The final mass of the system $M_\mathrm{fin}$ is always less than the original total mass ($m_1 + m_2$), since some of the mass energy gets converted to gravitational waves, $M_\mathrm{rad}$.

$$M_\mathrm{fin} + M_\mathrm{rad} = m_1 + m_2 $$

Because of something akin to the second law of thermodynamics the final black hole must be bigger than the biggest original black hole. Basically, you can't radiate so much energy in gravitational waves that a black hole shrinks.

$$M_\mathrm{fin} > m_1 \quad \mathrm{and} \quad M_\mathrm{fin} > m_2$$

We can define the fraction of mass radiated aways as:

$$ e = \frac{M_\mathrm{rad}}{m_1 + m_2} $$

This is sometimes called the efficiency of radiation.

If the black holes have about the same mass (as they did in the LIGO detection), about 5% of the total mass will be radiated away. This is the most efficient possibility.
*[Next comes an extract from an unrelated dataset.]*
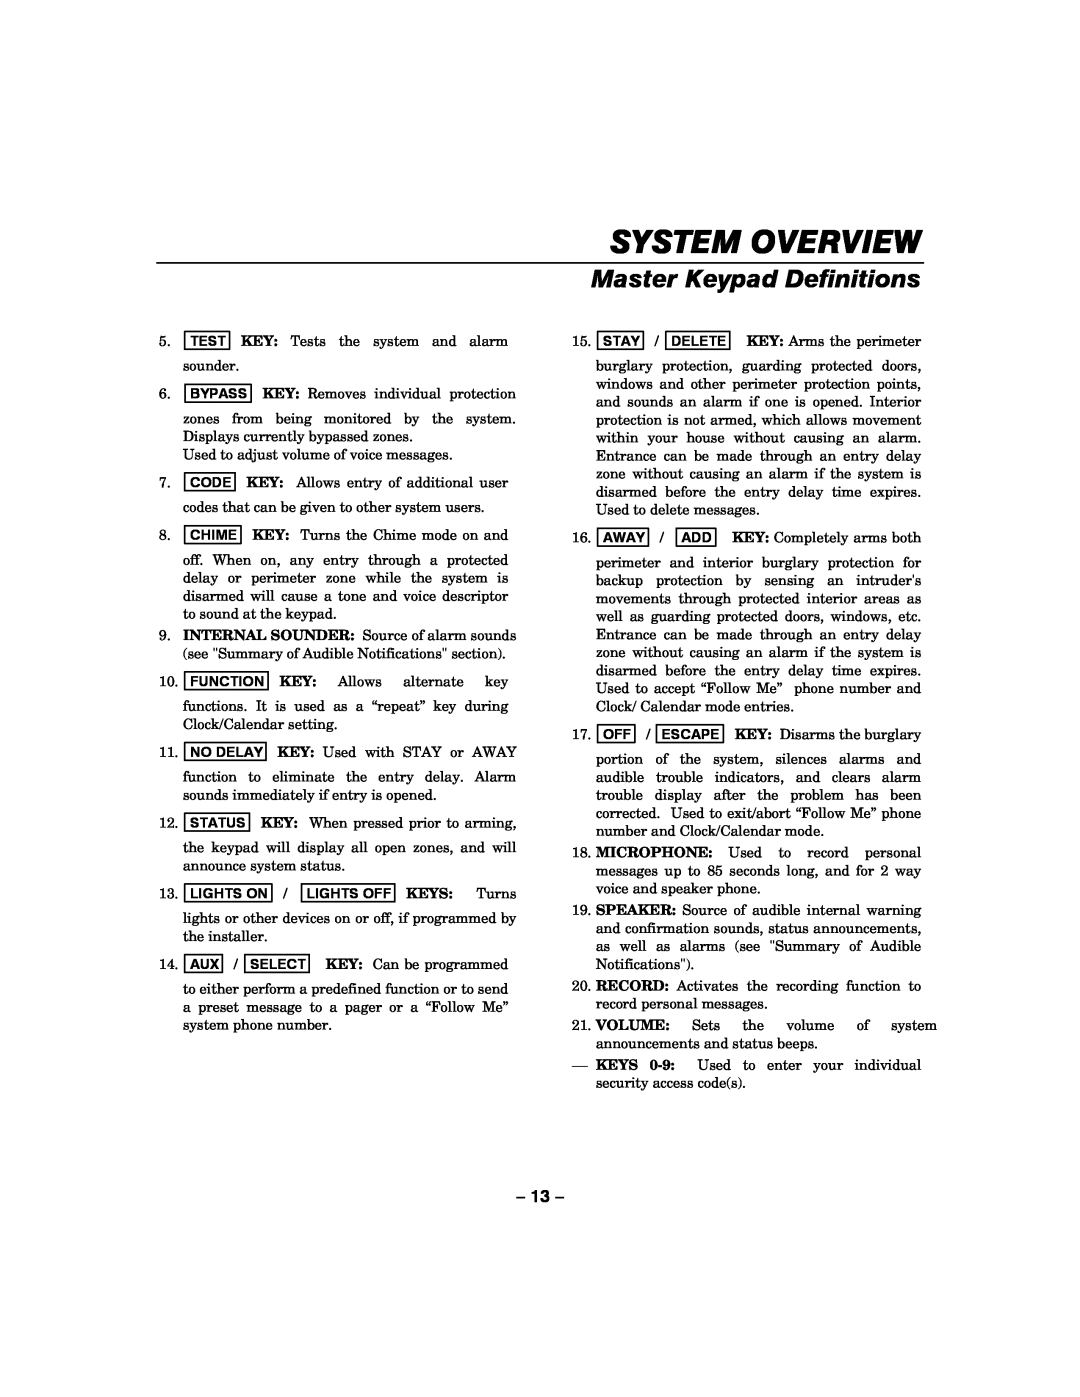 Honeywell LYNXR-2 manual System Overview, Master Keypad Definitions, LIGHTS ON / LIGHTS OFF KEYS Turns

On the other extreme imagine the case where one black hole is way more massive than the other: maybe 1 million solar masses and 1 solar mass. In order to follow the two rules stated above, $M_\mathrm{fin}$ is less than 1 million and one solar masses and greater than 1 million solar masses. In this case the efficiency would be about $e=10^{-6}$ or 0.0001%. Extreme mass ratios produce the weakest gravitational waves.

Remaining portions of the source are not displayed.